You can always learn quite a bit from James Maida, president and CEO of Gaming Laboratories International (GLI). His independent game testing lab has been in business for 25 years now, and that has given him plenty of time to reflect on the technological trends that have influenced the gaming industry both for the better and for the worst.
Yet when I sat down to talk to him for a feature on gaming labs that is running in this issue of the magazine (see page 40) and asked him which of these trends would have the greatest impact going forward, part of his answer was somewhat surprising in that it did not involve gaming products or technology. “The past five to six years have been very tough economically for both suppliers and operators,” he said, “so much tougher than the previous 15 years.” The gaming industry is still trying to cope with this and it continues tohave a major impact on technology development, he added.
At first I was not sure what any of this had to do with new gaming technologies but, in retrospect, this observation makes imminent sense in that funding is key to any substantial technological advance. When funds are tight, manufacturers are unlikely to go all-in on risky, yet potentially revolutionary technologies, and it is doubtful operators have the economic wherewithal to purchase such expensive products. To borrow a phrase from Bill Clinton, “it’s the economy, stupid;” which in this instance can apply to new technologies as well as politics.
Also underlying Maida’s observation is the unspoken thought that the U.S. gaming marketplace may take longer than expected to return to the days of substantial year-over-year growth, if it ever does.

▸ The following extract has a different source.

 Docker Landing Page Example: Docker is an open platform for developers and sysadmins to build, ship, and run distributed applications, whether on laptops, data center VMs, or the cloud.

Gaming revenue have grown less than 5 percent a year for the past five years and has yet to recapture its pre-recession high of $37.52 billion, according to the American Gaming Association’s State of the States reports. And according to Fantini’s National Revenue Report, 2013 was a less than aspiring year for U.S. gaming, with commercial casinos and those tribal casinos that report revenues publicly showing a mere 0.02 percent increase over 2012 results (see page 8).
It feels like the U.S. gaming marketplace is stalled, and it appears this mindset is starting to impact gaming executives, who are normally a pretty optimistic bunch. A recent Gaming Executive Satisfaction Survey conducted by Bristol Associates and Spectrum Gaming Group showed the impact slow to non-existent gaming growth was having on operators, most of whom view the future of their regional gaming markets as neutral and are less optimistic about individual career growth.

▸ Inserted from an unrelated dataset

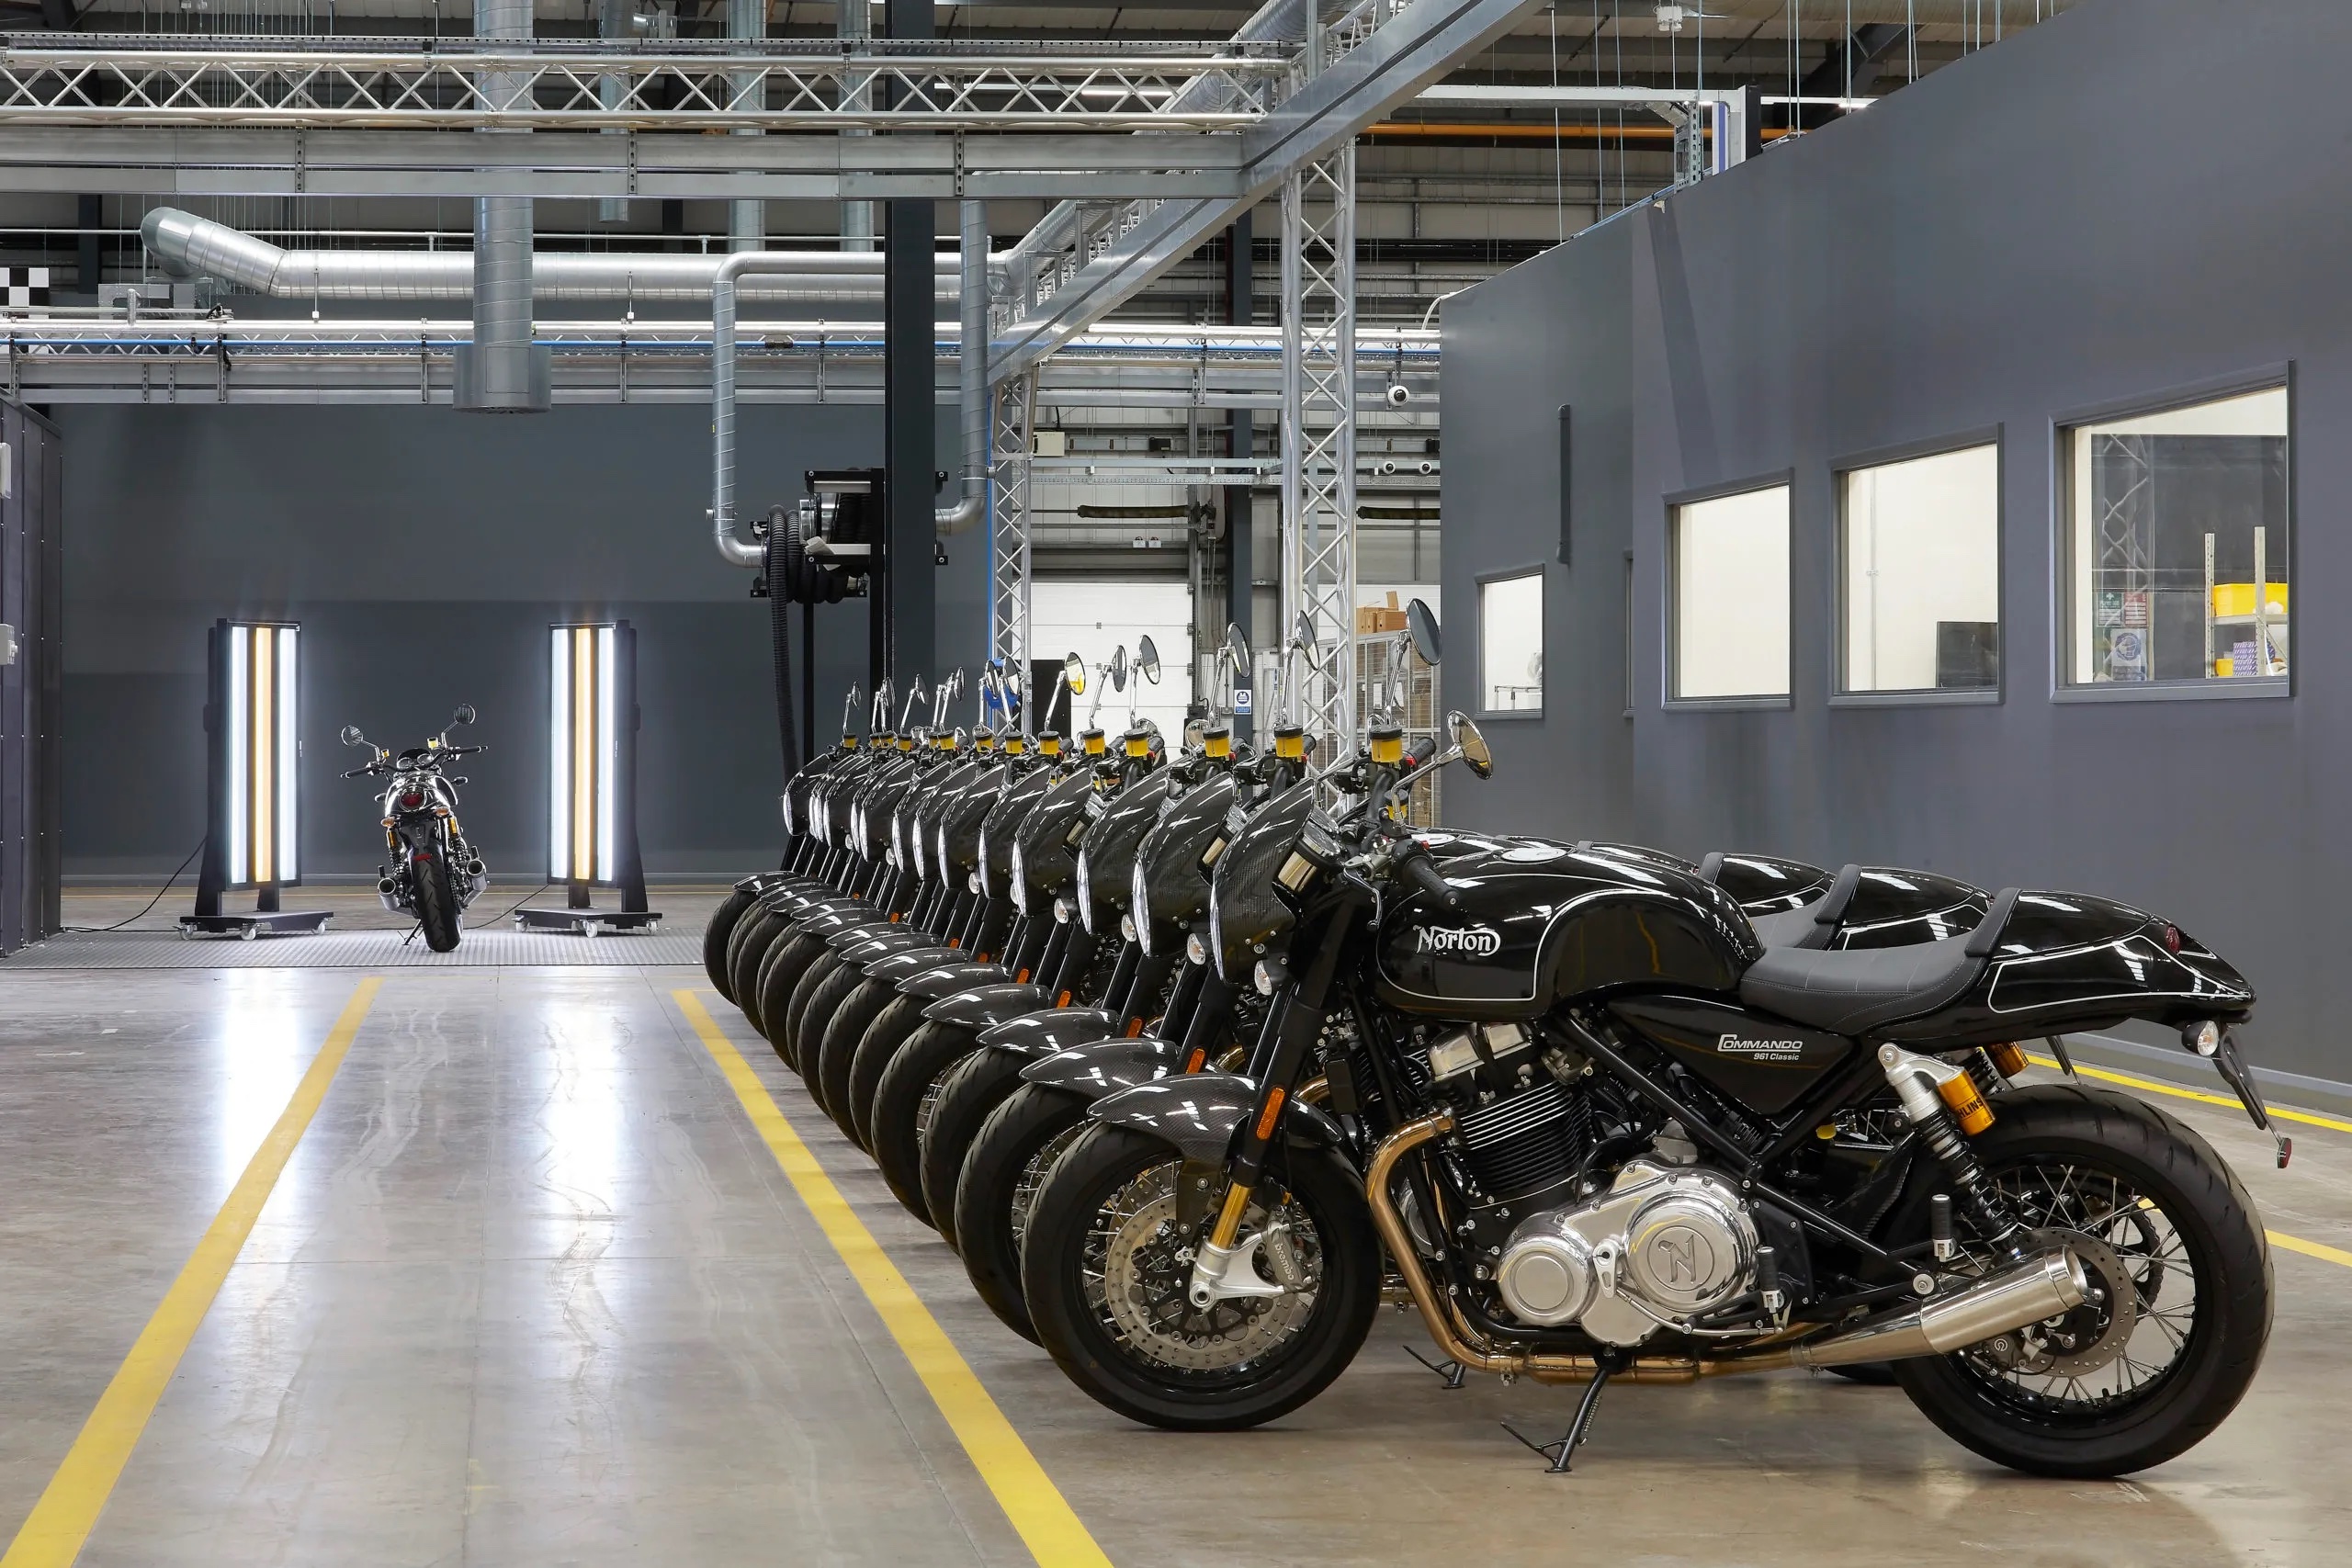 Norton Motorcycles in a Canadian-based facility

“The latest annual survey of gaming industry executives demonstrates a series of mixed results consistent with the uneven overall economic recovery,” the survey stated. “Evidence of optimism is slight, while evidence of pessimism is only slightly more apparent.” The authors of this report called this the “Goldilocks metaphor,” meaning those gaming executives surveys showed not too much enthusiasm, but also not too much pessimism.
What all this means going forward is anyone’s guess, but one thing is for certain, at least for the short term, or until some new form of wagering becomes widely accepted and boosts profits for all (I’m looking at you, eGaming), the U.S. gaming industry had best prepare itself for a period of diminished expectations and small victories. There is nothing wrong with this—sometimes it’s best to hold steady, not get too caught up in slight growth or declines, especially when the economy is in fluctuation. This approach may be unpalatable in today’s Wall Street-centric world where a company is a failure if it doesn’t show double-digit year-over-year growth, but for the gaming industry, that ship has sailed, if only for the time being.